MATERIAL PROVIDED:
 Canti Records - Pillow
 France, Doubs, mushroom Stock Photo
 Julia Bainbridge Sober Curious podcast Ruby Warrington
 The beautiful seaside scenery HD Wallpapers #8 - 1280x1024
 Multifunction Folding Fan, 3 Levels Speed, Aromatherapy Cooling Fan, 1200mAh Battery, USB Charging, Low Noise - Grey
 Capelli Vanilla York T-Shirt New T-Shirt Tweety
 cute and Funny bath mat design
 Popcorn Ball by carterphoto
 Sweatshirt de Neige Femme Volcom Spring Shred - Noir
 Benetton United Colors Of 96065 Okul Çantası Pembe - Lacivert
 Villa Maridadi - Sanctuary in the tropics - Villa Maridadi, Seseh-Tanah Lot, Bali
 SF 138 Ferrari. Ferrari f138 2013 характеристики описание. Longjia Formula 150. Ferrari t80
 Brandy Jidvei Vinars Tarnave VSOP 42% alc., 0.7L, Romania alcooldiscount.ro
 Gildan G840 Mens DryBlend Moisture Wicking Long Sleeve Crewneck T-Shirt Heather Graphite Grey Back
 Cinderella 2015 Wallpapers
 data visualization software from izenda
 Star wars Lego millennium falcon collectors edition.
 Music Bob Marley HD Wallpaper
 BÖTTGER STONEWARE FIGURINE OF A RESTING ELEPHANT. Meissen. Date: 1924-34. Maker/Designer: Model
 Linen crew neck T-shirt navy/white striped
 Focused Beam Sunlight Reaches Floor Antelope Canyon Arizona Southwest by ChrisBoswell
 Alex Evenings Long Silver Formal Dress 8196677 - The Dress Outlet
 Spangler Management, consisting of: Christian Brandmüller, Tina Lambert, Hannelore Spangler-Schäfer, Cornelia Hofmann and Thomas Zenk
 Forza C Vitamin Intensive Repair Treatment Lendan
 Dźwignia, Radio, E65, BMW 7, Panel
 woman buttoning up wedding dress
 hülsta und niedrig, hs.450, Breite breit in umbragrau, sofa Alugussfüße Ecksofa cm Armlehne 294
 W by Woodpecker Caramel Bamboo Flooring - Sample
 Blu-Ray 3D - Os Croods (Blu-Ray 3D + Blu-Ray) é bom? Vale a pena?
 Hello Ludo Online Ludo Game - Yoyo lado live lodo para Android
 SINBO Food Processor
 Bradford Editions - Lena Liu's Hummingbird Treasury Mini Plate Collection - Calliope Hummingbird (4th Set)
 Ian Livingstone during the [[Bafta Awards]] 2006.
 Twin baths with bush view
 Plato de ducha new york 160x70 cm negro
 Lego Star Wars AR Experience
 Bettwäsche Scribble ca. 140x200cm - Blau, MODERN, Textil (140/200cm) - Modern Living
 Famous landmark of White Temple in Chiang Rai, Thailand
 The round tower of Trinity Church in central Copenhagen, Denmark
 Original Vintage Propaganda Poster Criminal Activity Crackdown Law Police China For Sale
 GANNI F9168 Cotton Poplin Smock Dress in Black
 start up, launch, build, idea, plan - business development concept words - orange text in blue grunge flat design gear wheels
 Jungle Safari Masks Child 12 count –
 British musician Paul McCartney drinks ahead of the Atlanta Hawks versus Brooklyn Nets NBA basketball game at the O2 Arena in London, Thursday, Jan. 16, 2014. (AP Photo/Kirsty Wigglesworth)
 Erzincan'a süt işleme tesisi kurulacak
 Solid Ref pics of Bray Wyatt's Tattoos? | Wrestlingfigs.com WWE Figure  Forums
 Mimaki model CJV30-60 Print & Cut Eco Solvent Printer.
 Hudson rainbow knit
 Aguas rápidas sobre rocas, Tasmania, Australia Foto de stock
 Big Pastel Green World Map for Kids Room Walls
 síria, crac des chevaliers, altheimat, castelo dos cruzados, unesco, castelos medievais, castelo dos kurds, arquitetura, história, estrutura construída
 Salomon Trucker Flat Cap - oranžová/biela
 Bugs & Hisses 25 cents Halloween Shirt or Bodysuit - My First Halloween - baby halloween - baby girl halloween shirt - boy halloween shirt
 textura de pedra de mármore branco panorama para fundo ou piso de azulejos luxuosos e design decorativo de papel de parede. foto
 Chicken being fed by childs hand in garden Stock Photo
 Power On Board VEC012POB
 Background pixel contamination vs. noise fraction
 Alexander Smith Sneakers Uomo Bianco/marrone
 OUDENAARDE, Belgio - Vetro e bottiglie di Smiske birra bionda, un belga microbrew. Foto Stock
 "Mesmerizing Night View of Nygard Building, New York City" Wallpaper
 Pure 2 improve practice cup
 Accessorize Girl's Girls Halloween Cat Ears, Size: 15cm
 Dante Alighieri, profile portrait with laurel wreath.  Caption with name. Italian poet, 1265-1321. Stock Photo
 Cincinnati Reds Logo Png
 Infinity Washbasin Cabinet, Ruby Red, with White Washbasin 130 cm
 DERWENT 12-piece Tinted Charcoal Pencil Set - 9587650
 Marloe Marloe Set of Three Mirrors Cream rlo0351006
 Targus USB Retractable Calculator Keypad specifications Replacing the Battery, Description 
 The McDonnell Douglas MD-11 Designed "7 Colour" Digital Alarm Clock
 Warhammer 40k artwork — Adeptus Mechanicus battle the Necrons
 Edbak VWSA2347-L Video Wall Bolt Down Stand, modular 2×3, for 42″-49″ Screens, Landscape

EXERCISE DESCRIPTION:
Show each line of the material holding "Battery".

ANSWER FOR THE TASK:
 Multifunction Folding Fan, 3 Levels Speed, Aromatherapy Cooling Fan, 1200mAh Battery, USB Charging, Low Noise - Grey
 Targus USB Retractable Calculator Keypad specifications Replacing the Battery, Description 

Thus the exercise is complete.